For optimal results with duplex sequencing panels (e.g., MSK-ACCESS), use separate BAMs:

BAM Type	Use Case	Why
`all_unique`	FSC, FSD, WPS, OCF	Maximum coverage for background features
`duplex`	mFSD	Highest accuracy for variant detection

Via run-all CLI

# Provide dedicated duplex BAM for mFSD
krewlyzer run-all -i sample.all_unique.bam --mfsd-bam sample.duplex.bam \
    -r hg19.fa -o out/ --assay xs2 --variants sample.maf

Note

When --mfsd-bam is provided, duplex weighting is auto-enabled. If no duplex tags (cD/Marianas) are found, a warning is logged but processing continues with weight=1.0.

Via Nextflow Samplesheet

sample,bam,mfsd_bam,meth_bam,vcf,bed,maf,single_sample_maf,assay,pon,targets
ACCESS_001,/path/to/sample.all_unique.bam,/path/to/sample.duplex.bam,,,/path/to/variants.maf,true,XS2,,

CLI Options

Option	Short	Type	Default	Description
`--input`	`-i`	PATH	required	Input BAM file
`--variants`	`-V`	PATH	required	VCF or MAF file with variants
`--output`	`-o`	PATH	required	Output directory
`--sample-name`	`-s`	TEXT		Override sample name
`--reference`	`-r`	PATH		Reference FASTA for GC correction
`--correction-factors`	`-F`	PATH		Pre-computed correction factors CSV
`--duplex`	`-D`	FLAG		Enable duplex consensus weighting (fgbio/Marianas)
`--mapq`	`-q`	INT	20	Minimum mapping quality
`--minlen`		INT	65	Minimum fragment length
`--maxlen`		INT	1000	Maximum fragment length
`--skip-duplicates`		FLAG	True	Skip duplicate reads (always enabled in backend)
`--require-proper-pair`		FLAG	False	Require proper pairs (disable for duplex BAMs)
`--output-distributions`	`-d`	FLAG		Output per-variant size distributions
`--verbose`	`-v`	FLAG		Enable verbose logging
`--threads`	`-t`	INT	0	Number of threads (0=all)

Duplex Sequencing Support

mFSD supports duplex consensus sequencing for ultra-sensitive variant detection. When --duplex is enabled, fragments from high-confidence duplex families receive higher weight in statistical calculations.

Supported Duplex Formats

XS2: fgbio/Picard

Uses SAM auxiliary tags set by fgbio CallDuplexConsensusReads:

Tag	Meaning	Use in mFSD
`aD`	Max depth of strand A single-strand consensus	SS-A depth
`bD`	Max depth of strand B single-strand consensus	SS-B depth
`cD`	Max depth of duplex consensus	Primary weight source
`aM/bM/cM`	Min depth at any point	Quality check
`aE/bE/cE`	Error rate	Quality filter

Example SAM record:

read1   0   chr1   1000   60   100M   *   0   150   ACGT...   IIII...   cD:i:5   aD:i:8   bD:i:7

XS1: Marianas

Encodes family size in the read name per Marianas documentation:

Marianas:UMI1+UMI2:contig:start:posCount:negCount:contig2:start2:pos2:neg2

Position	Field	Example
0	`Marianas`	Marianas
1	UMI	ACT+TTA
2	Read1 contig	2
3	Read1 start	48033828
4	Read1 (+) count	4
5	Read1 (-) count	3

Family size = posCount + negCount (e.g., 4 + 3 = 7)

Duplex Weighting Formula

When --duplex is enabled, each fragment receives a weight based on its duplex family size:

\[ \text{weight} = \max(\ln(\text{family_size}), 1.0) \]

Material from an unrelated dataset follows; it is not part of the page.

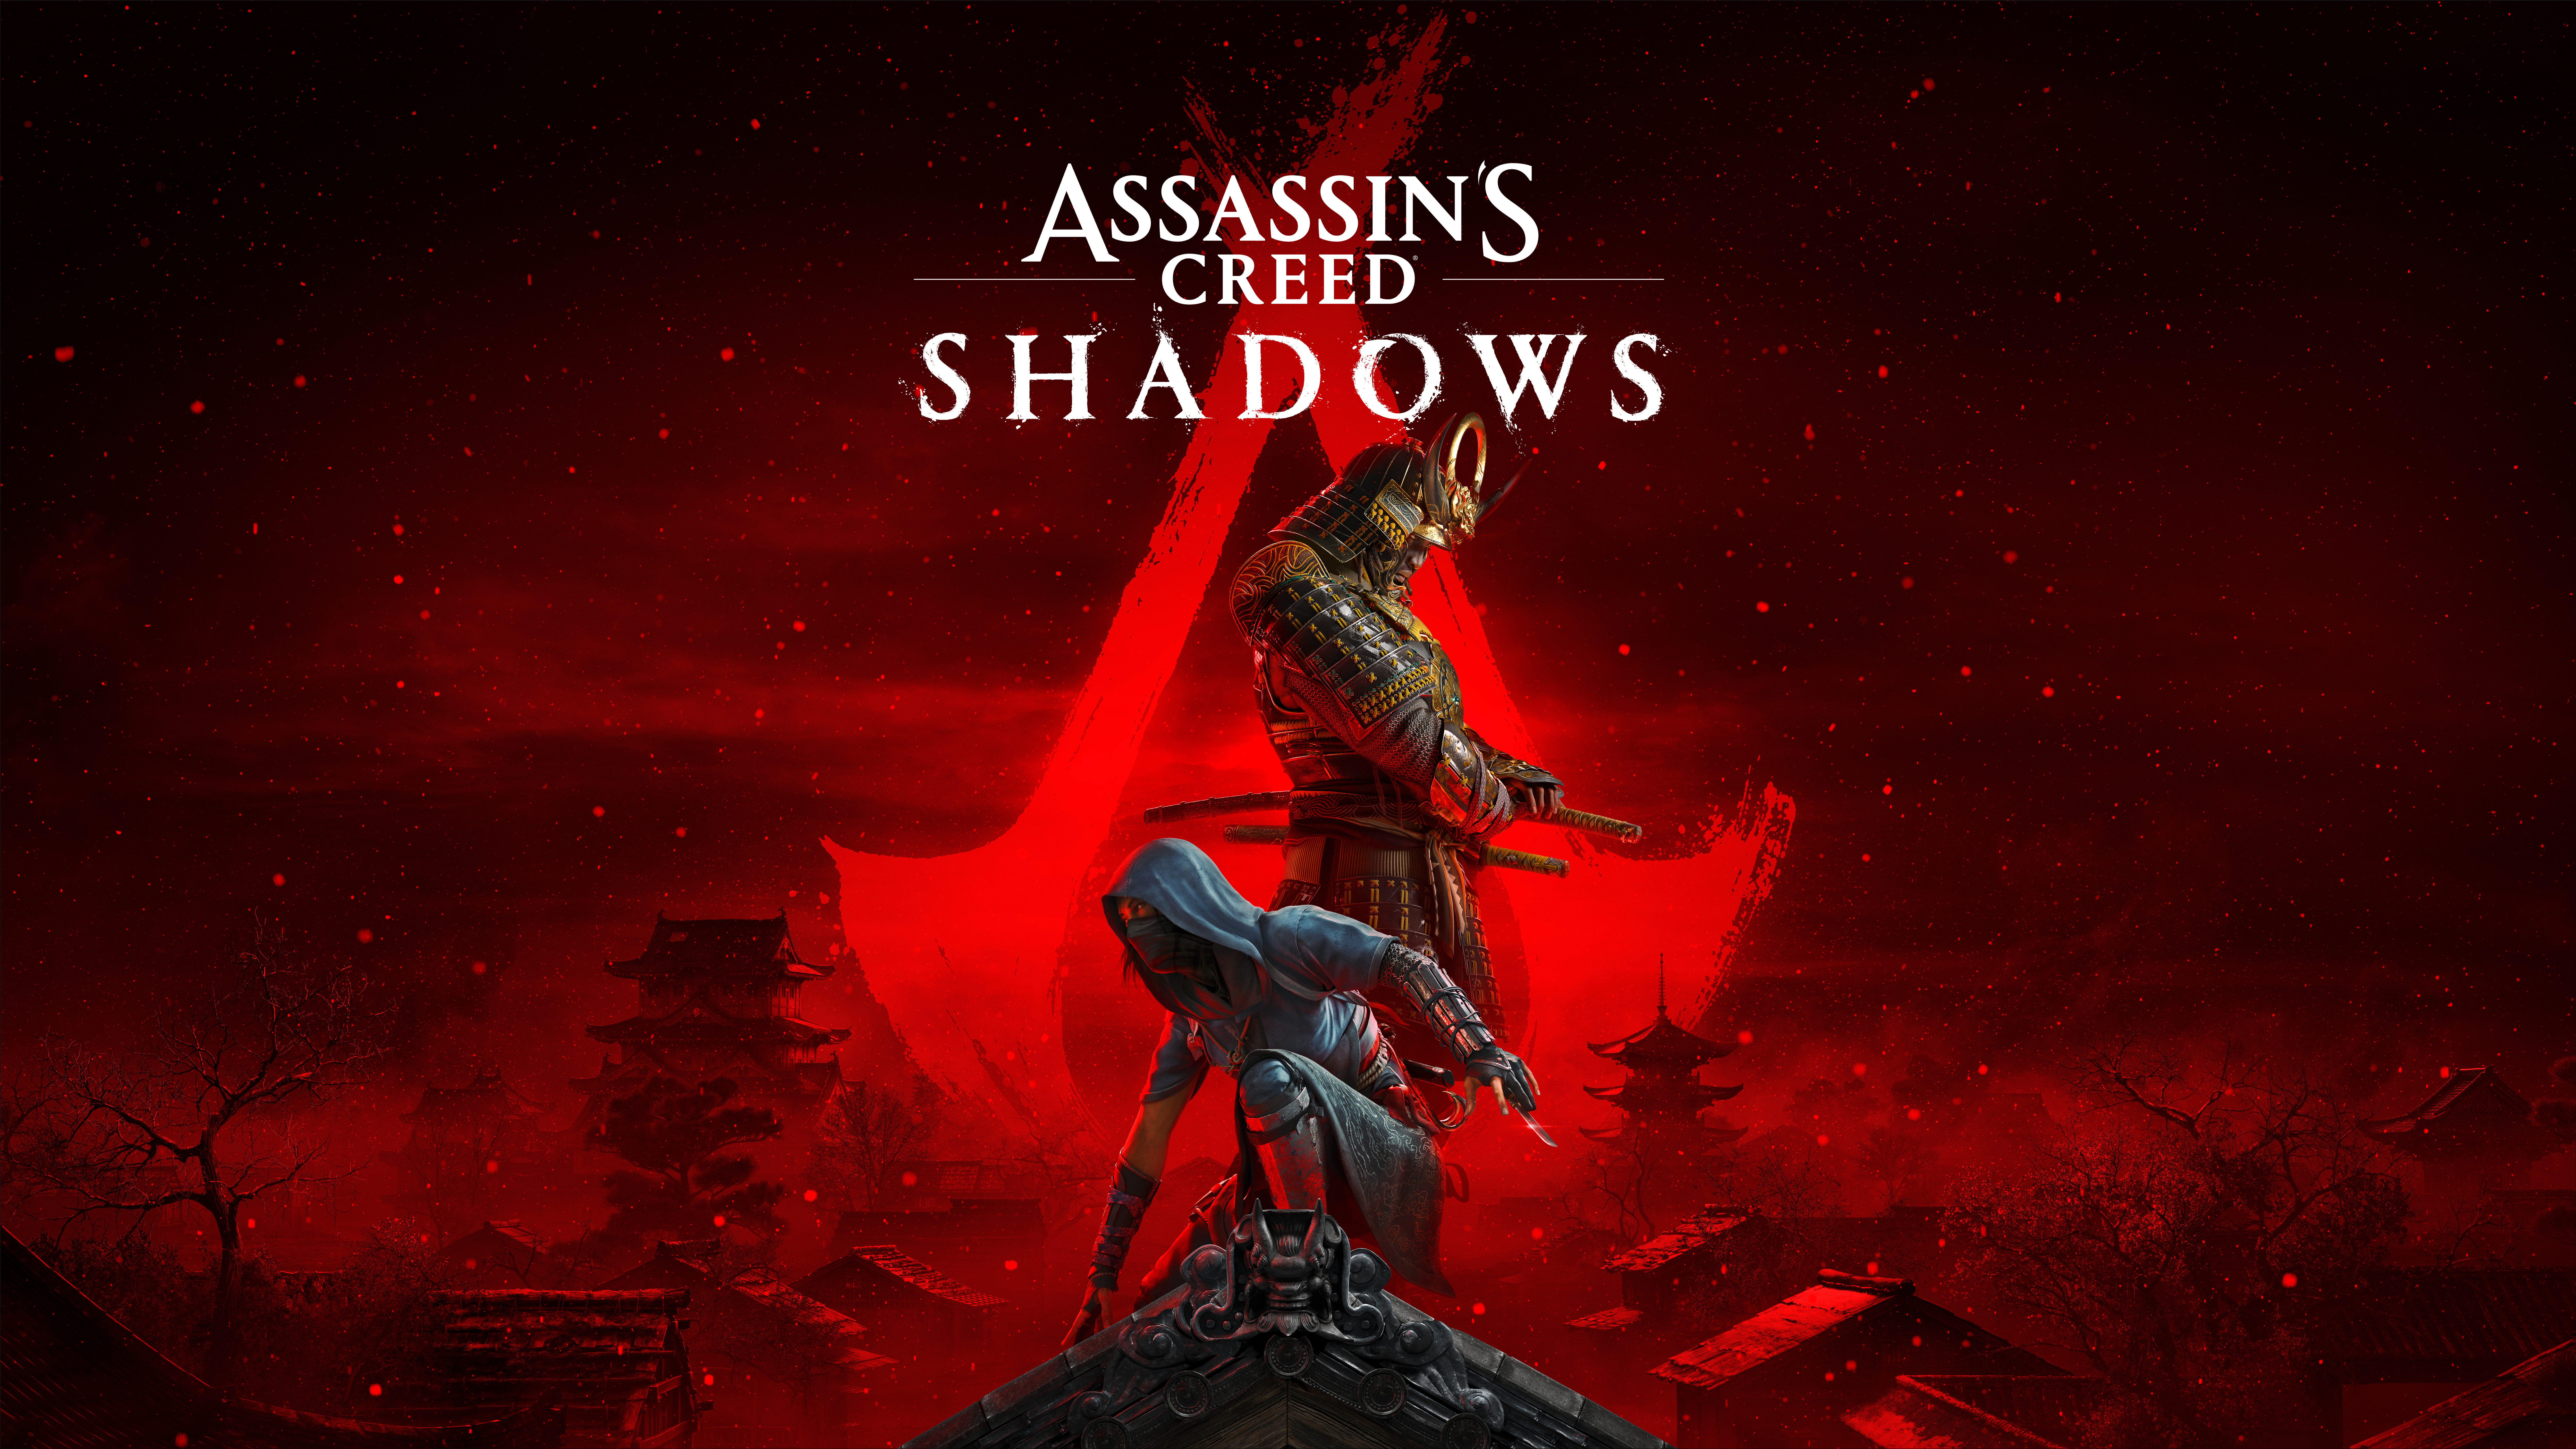 Assassin's Creed Shadows déçoit déjà beaucoup avant son lancement

Family Size	Weight	Interpretation
1	1.0	Single read (no UMI collapse)
2	1.0	Minimum duplex (capped)
3	1.1	Low-confidence duplex
5	1.6	Moderate confidence
10	2.3	High confidence
50	3.9	Very high confidence

Interpretation in Duplex Mode

Important

When --duplex is enabled, ALT_Weighted and REF_Weighted will exceed raw counts. A ratio of ~1.6x indicates typical duplex family sizes of 3-5.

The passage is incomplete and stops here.